Compliance Costs Are Not Incidental
The costs of compliance may be worth the return in the health IT market—if IT companies can afford those costs in the first place. The increasing federal intervention in the health-care market, as EMRs and the ACA (Obamacare) legislation indicate (“Health Premiums Up $3,000; Obama Vowed $2,500 Cut”), do little to improve the problems that are arguably the result of over-regulation. Compounding the problem is concern about IT spending in the face of an economy that simply isn’t recovering. ZDNet (“CEOs, CFOs bummed about economy: Can IT spending hold up?”) asks, “Can information technology spending hold up when both CEOs and CFOs are cutting expectations for the U.S. economy?…Given both CEOs and CFOs are bummed about the economy it’s only a matter of time before tech executives start getting a lot of questions about their projects and budgets.” IT, although not unaffected by economic conditions, has remained fairly strong owing to constantly growing demand for services. But these services must still be paid for, and as customers run low on money, spending may decrease or, at least, fail to grow significantly.
Beware Health Care
As a Washington Times article (“ORIENT: Health care is the next bubble”) notes, “People generally don’t recognize a bubble until it bursts.” IT companies are keenly aware of the danger of bubbles, having been near the heart of the so-called dot-com boom (and bust). Bubbles arise from unsustainably high levels of spending and valuation; the result, when the market recognizes the problem, is a bust. The housing market is a more recent example. Education (particularly higher education, but also lower levels as well) is a bubble that is on the verge of bursting—student loan debt is dwarfing the ability of graduates to pay given the dismal job market (“The Mad as Hell Generation”).
Health care is another such bubble in the making. The system of insurance props up astronomical costs, and that system is being further inflated by the laughably named Affordable Care Act (ACA—Obamacare). Medical expenses for trauma and chronic diseases often exceed the ability of patients to pay, and insurance premiums are increasingly stifling to individuals and families facing stagnant wages (“Report: Median Income Worse Now Than It Was During Great Recession”)—all raising the specter of a bubble on the verge of bursting.
IT companies must weigh this risk as they consider whether to enter the information side of the health-care market. For some companies, even this risk may be worth the potential rewards of a still burgeoning segment.
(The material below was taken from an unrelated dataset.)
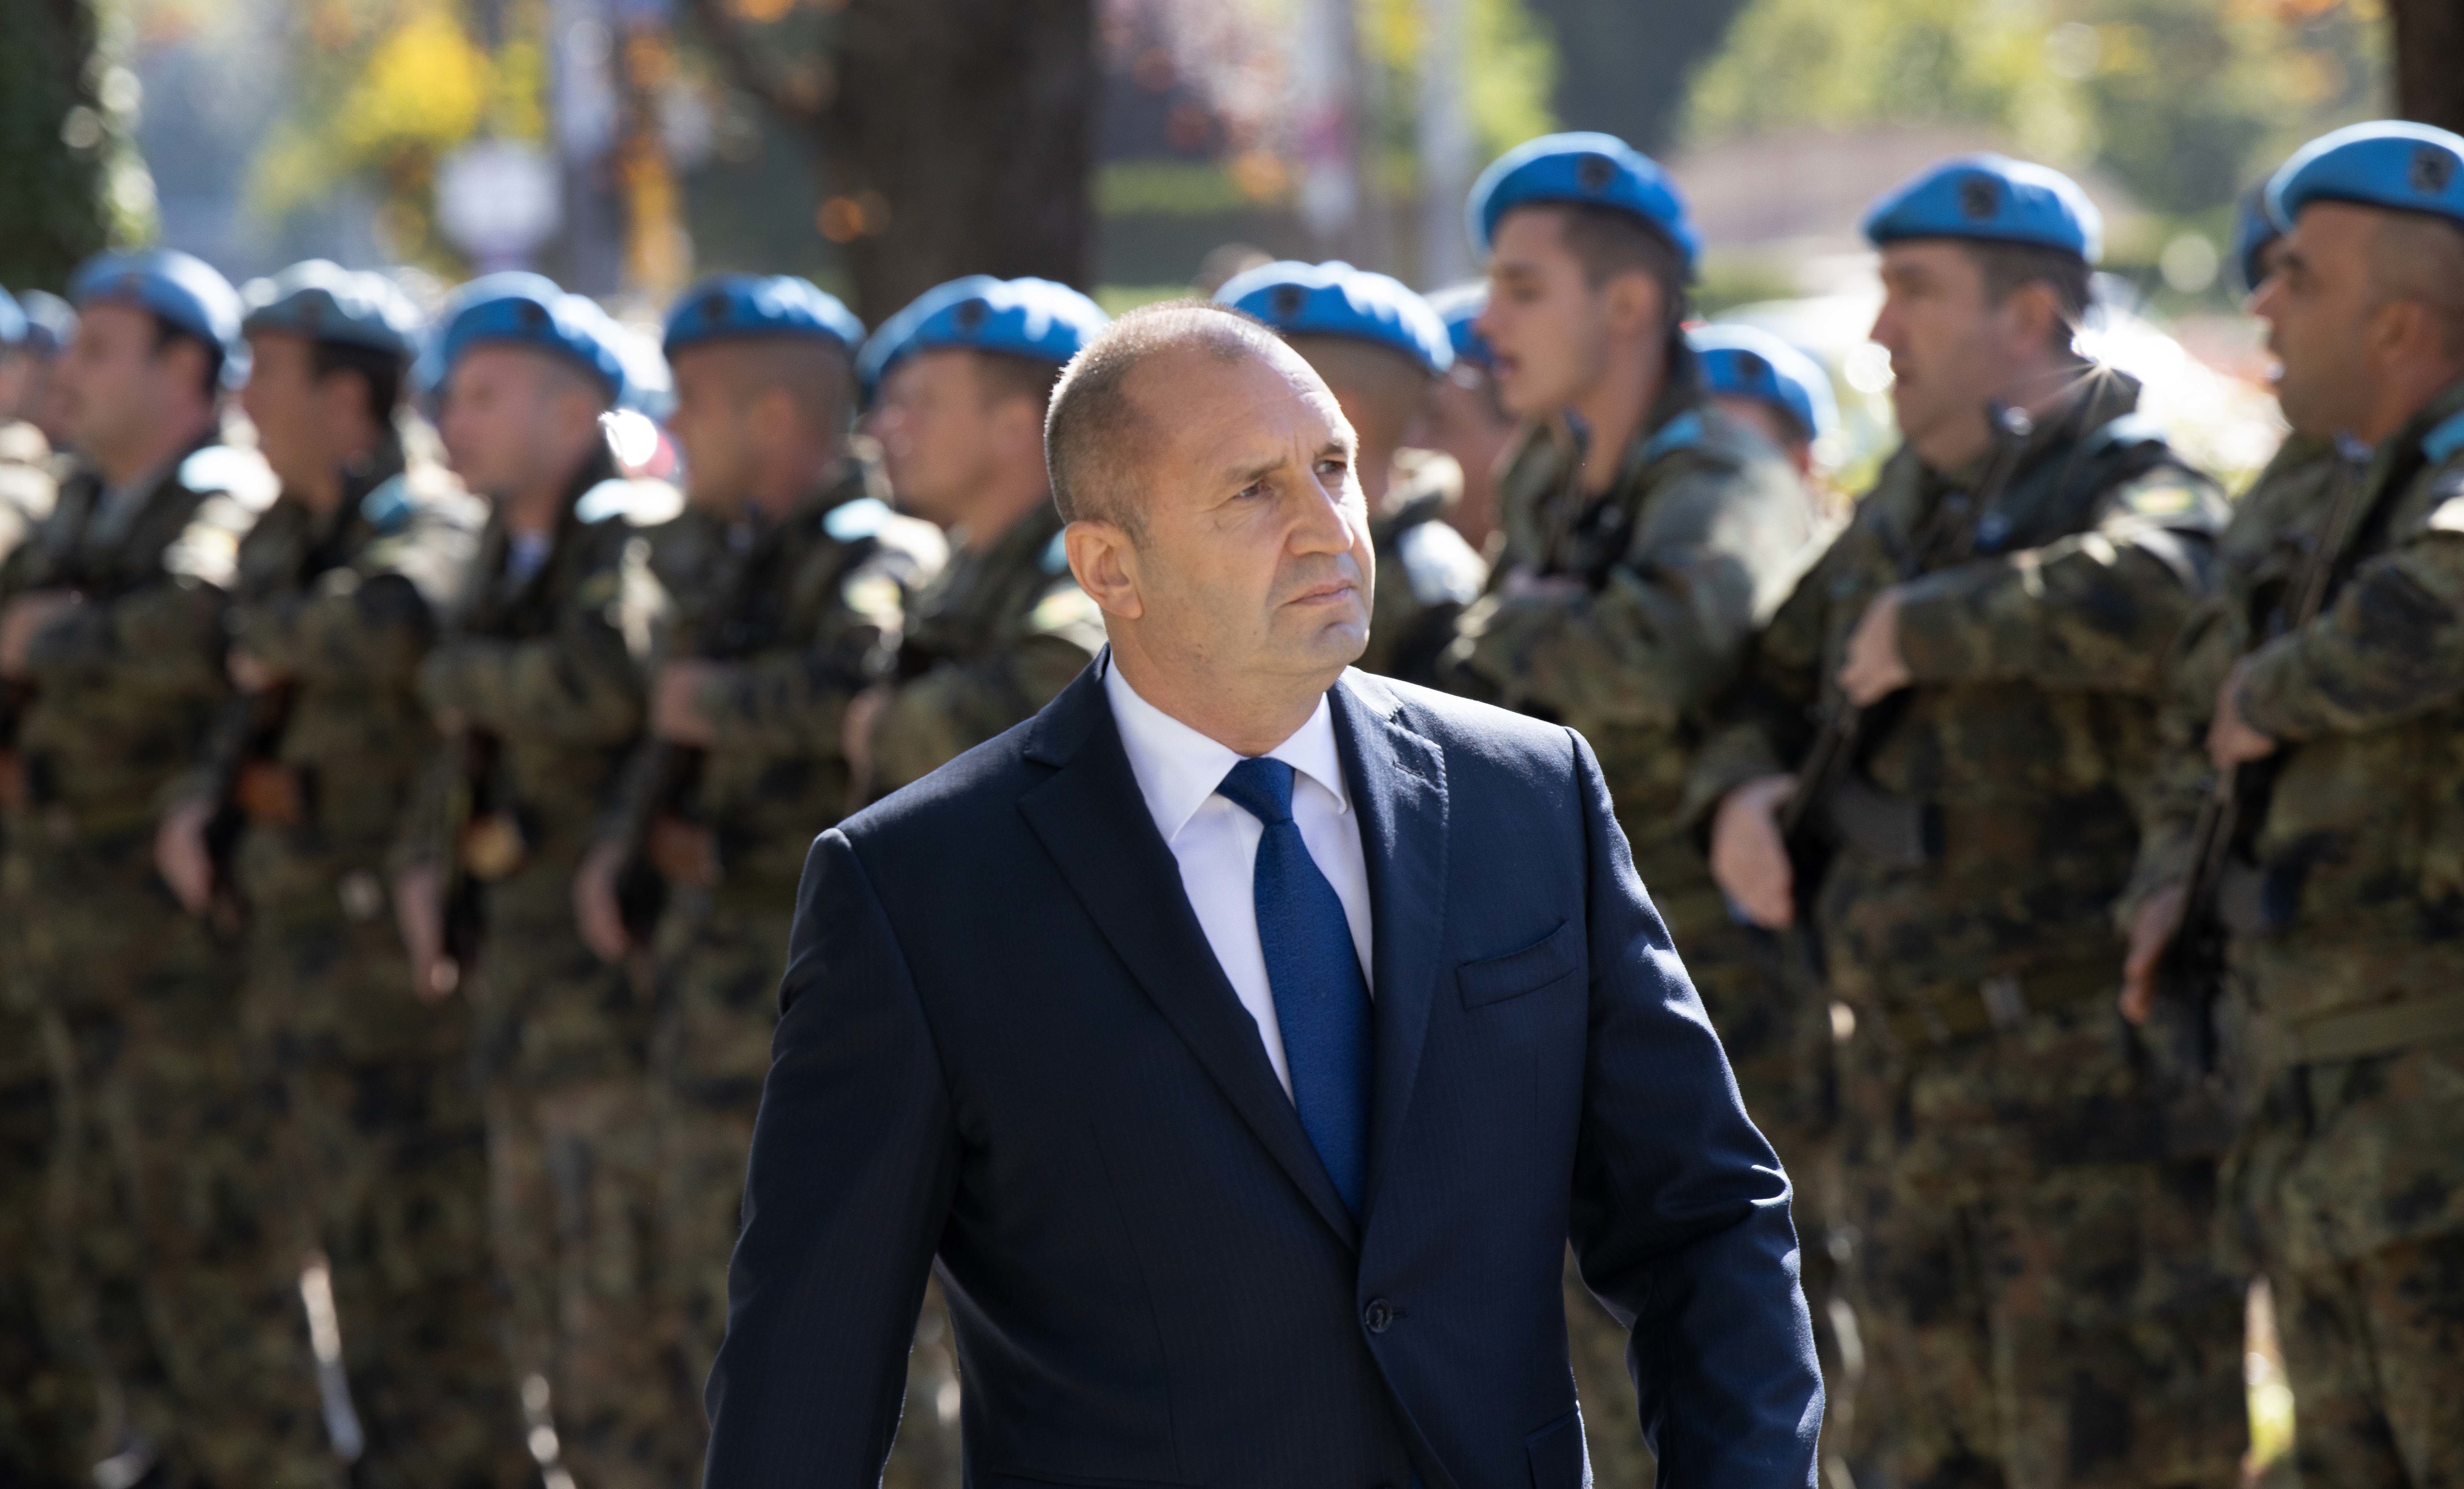 Държавният глава и върховен главнокомандващ на Въоръжените сили Румен Радев

The danger to companies in IT may be less direct, however: instead of losing investments, they may simple face the kind of broader economic shockwaves that resulted from the housing meltdown.
Compliance: The Word of the Decade
IT companies have some opportunities in the realm of electronic medical records, but the broader health market is looking more bearish than bullish. Exactly what a bust would look like, and how it would affect IT specifically, is less clear. Regulations and compliance are the order of the day in the health industry—including IT’s role therein—but a bust in this market might lead to a recognition of something the Internet has demonstrated quite well: a little freedom (and responsibility) goes a long way.